Training Features Shape: (331, 2)
Training Labels Shape: (331,)
Testing Features Shape: (83, 2)
Testing Labels Shape: (83,)


In [17]:
from sklearn.preprocessing import StandardScaler
train_features = StandardScaler().fit_transform(train_features)
test_features = StandardScaler().fit_transform(test_features)

In [18]:
# Instantiate model with 1000 decision trees
rf_reg = RandomForestRegressor(n_estimators = 1000)
# Train the model on training data
rf_reg.fit(train_features, train_labels)
# Use the forest's predict method on the test data
rf_reg_predictions = rf_reg.predict(test_features)
# Performance metrics
rf_reg_errors = abs(rf_reg_predictions - test_labels)
# print performance evaluations
print('Mean Absolute Error:', metrics.mean_absolute_error(test_labels, rf_reg_predictions))
print('Mean Squared Error:', metrics.mean_squared_error(test_labels, rf_reg_predictions))
print('Root Mean Squared Error:', np.sqrt(metrics.mean_squared_error(test_labels, rf_reg_predictions)))
print('R2 value:', rf_reg.score(test_features, test_labels))

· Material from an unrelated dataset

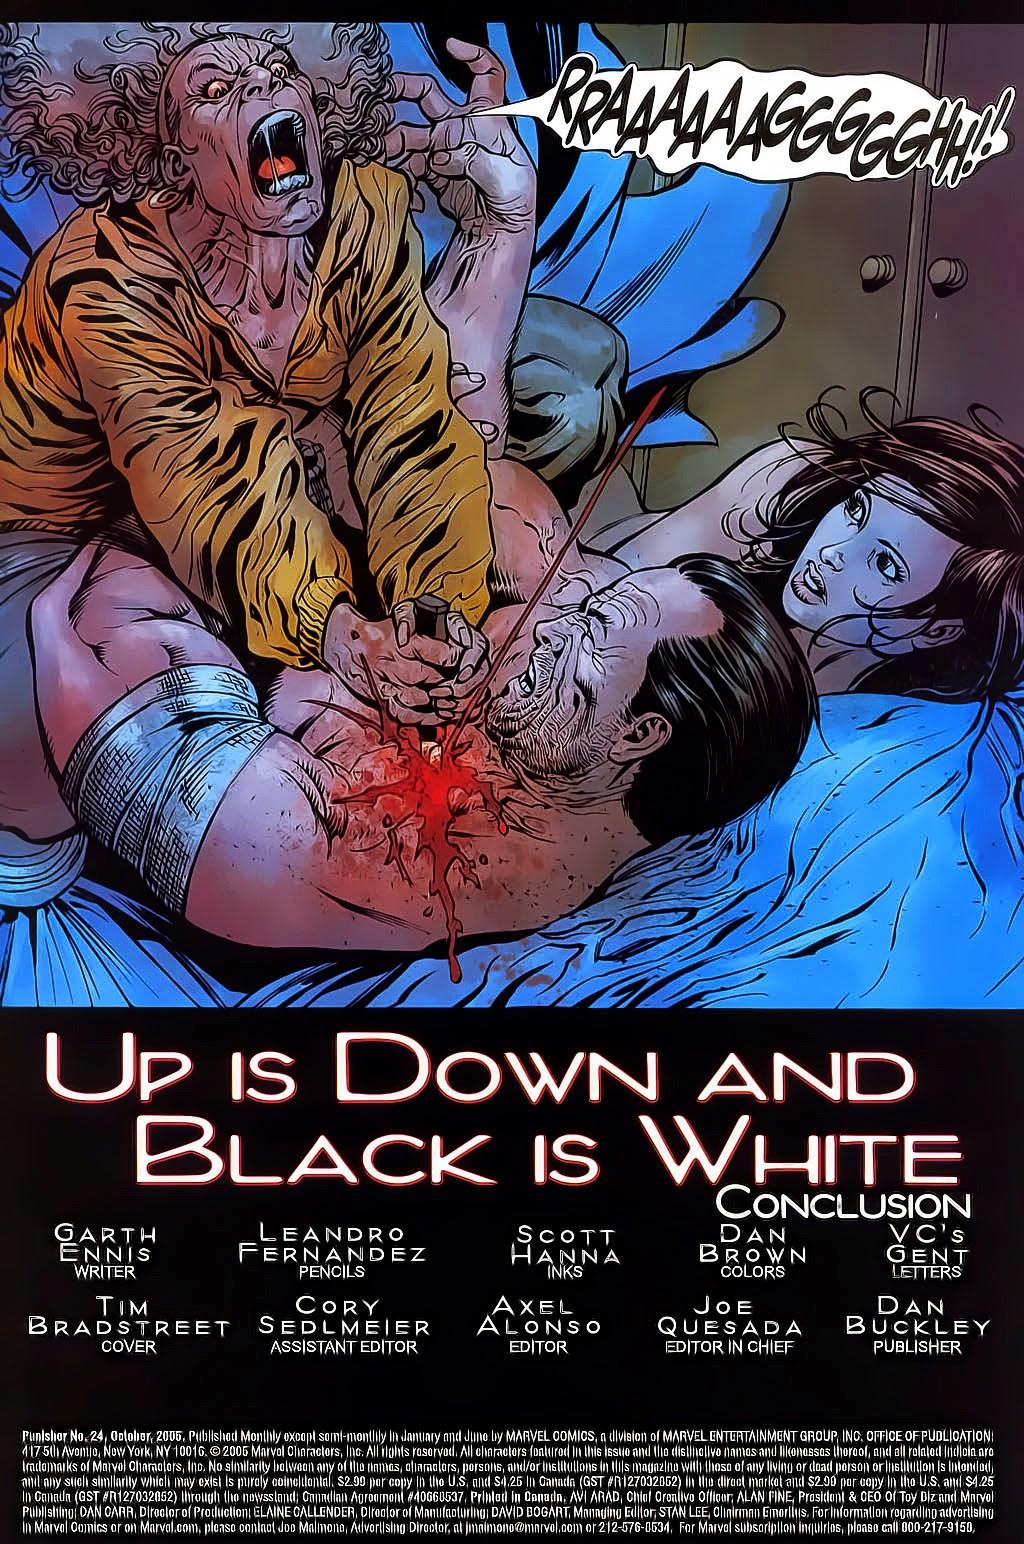 The Punisher: Trên là Dưới & Trắng là Đen chap 6 - Trang 4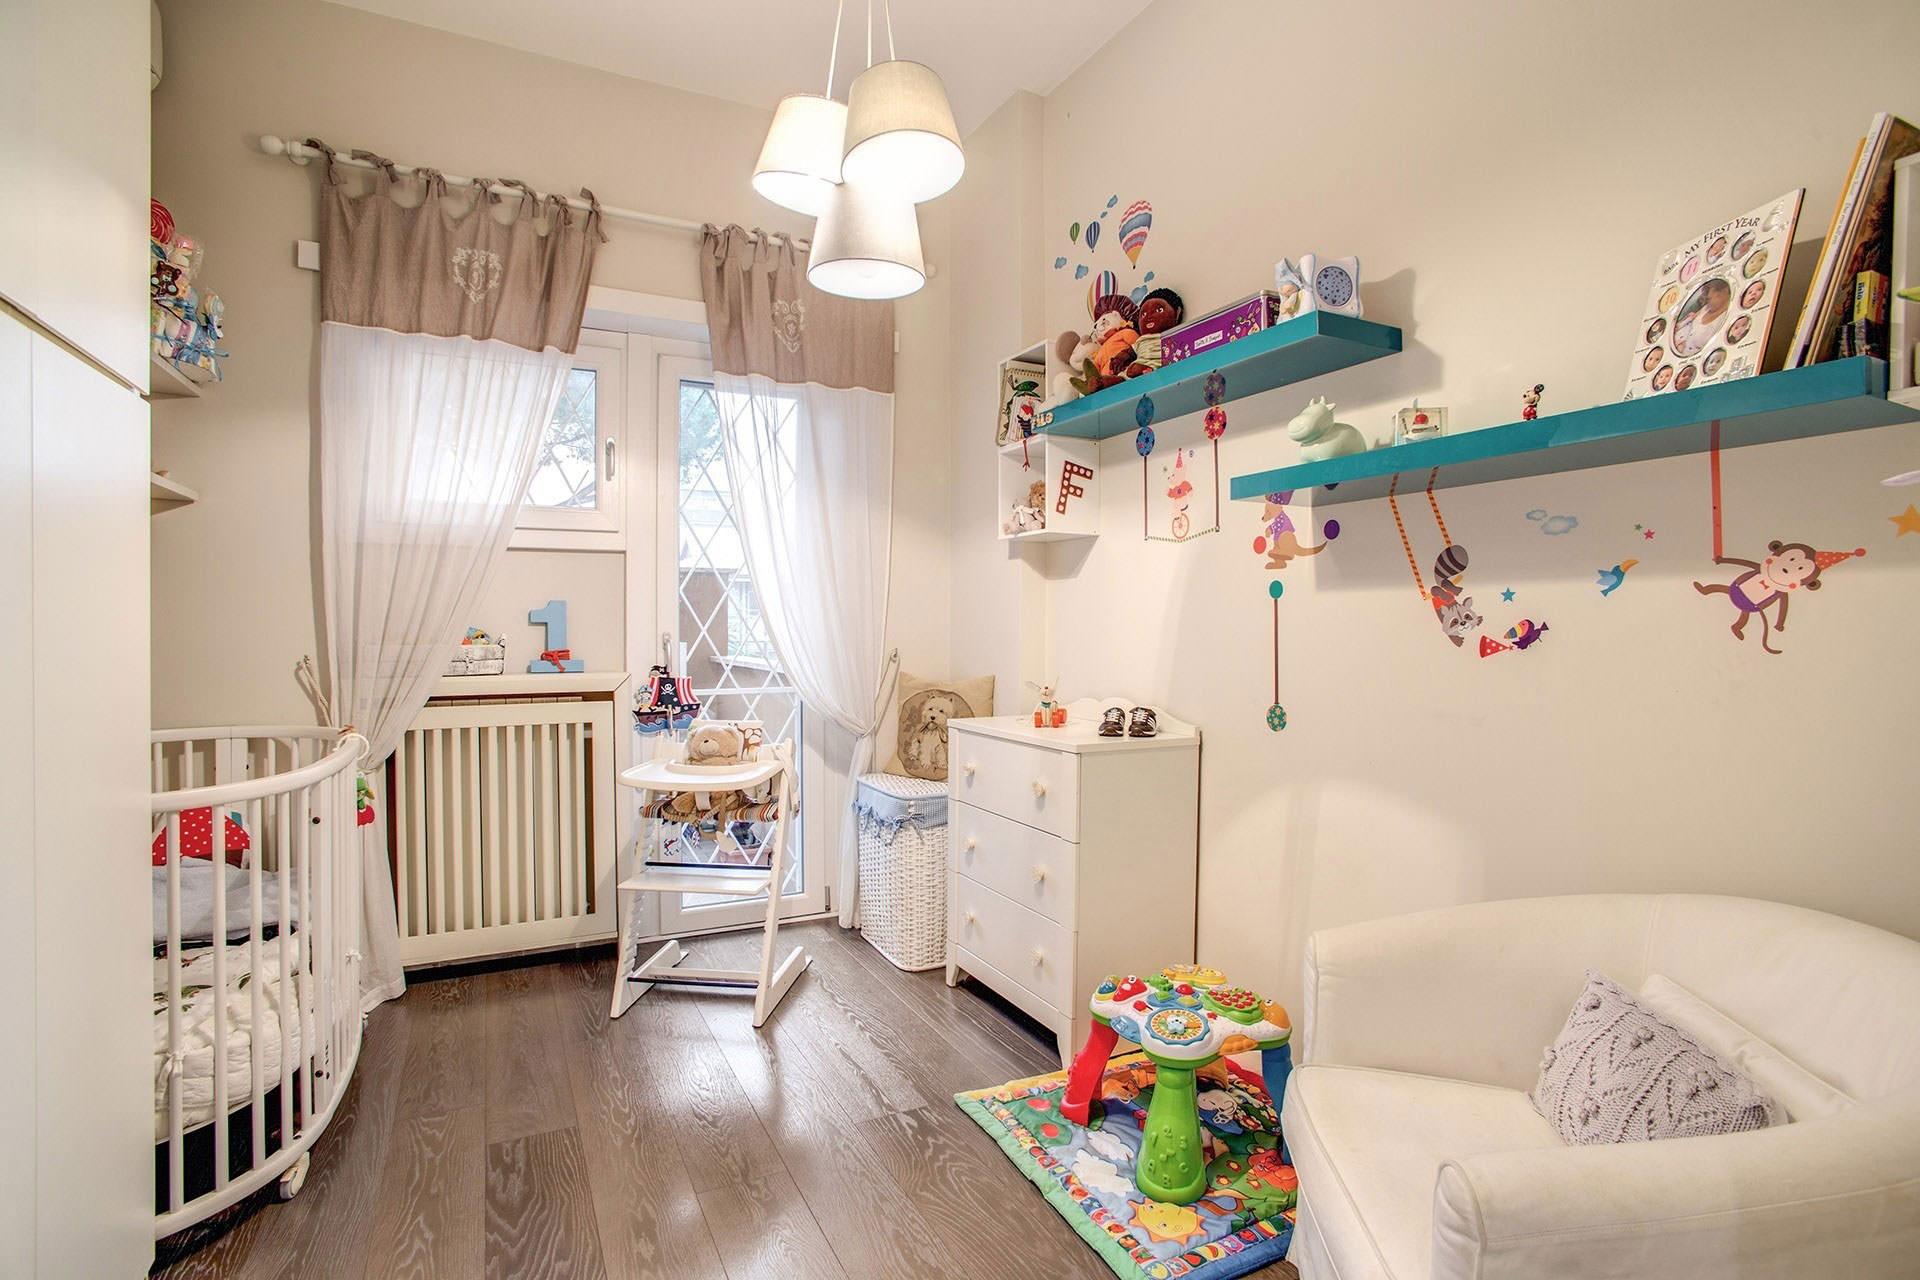 komforten-apartament-sas-sempal-dizain-v-rim-914g

Mean Absolute Error: 17.68807228915663
Mean Squared Error: 1665.2193668674704
Root Mean Squared Error: 40.80709946648341
R2 value: 0.8806266412101857


In [19]:
# Perform Grid-Search

search = GridSearchCV(
    estimator=RandomForestRegressor(),
    param_grid={
        'max_depth': [5,10,20],
        'n_estimators': [100, 500, 1000, 2000],
    },
    cv=5,n_jobs=-1)

search_result = search.fit(train_features, train_features)
best_params = search_result.best_params_

rf_search = RandomForestRegressor(max_depth=best_params["max_depth"], 
                            n_estimators=best_params["n_estimators"])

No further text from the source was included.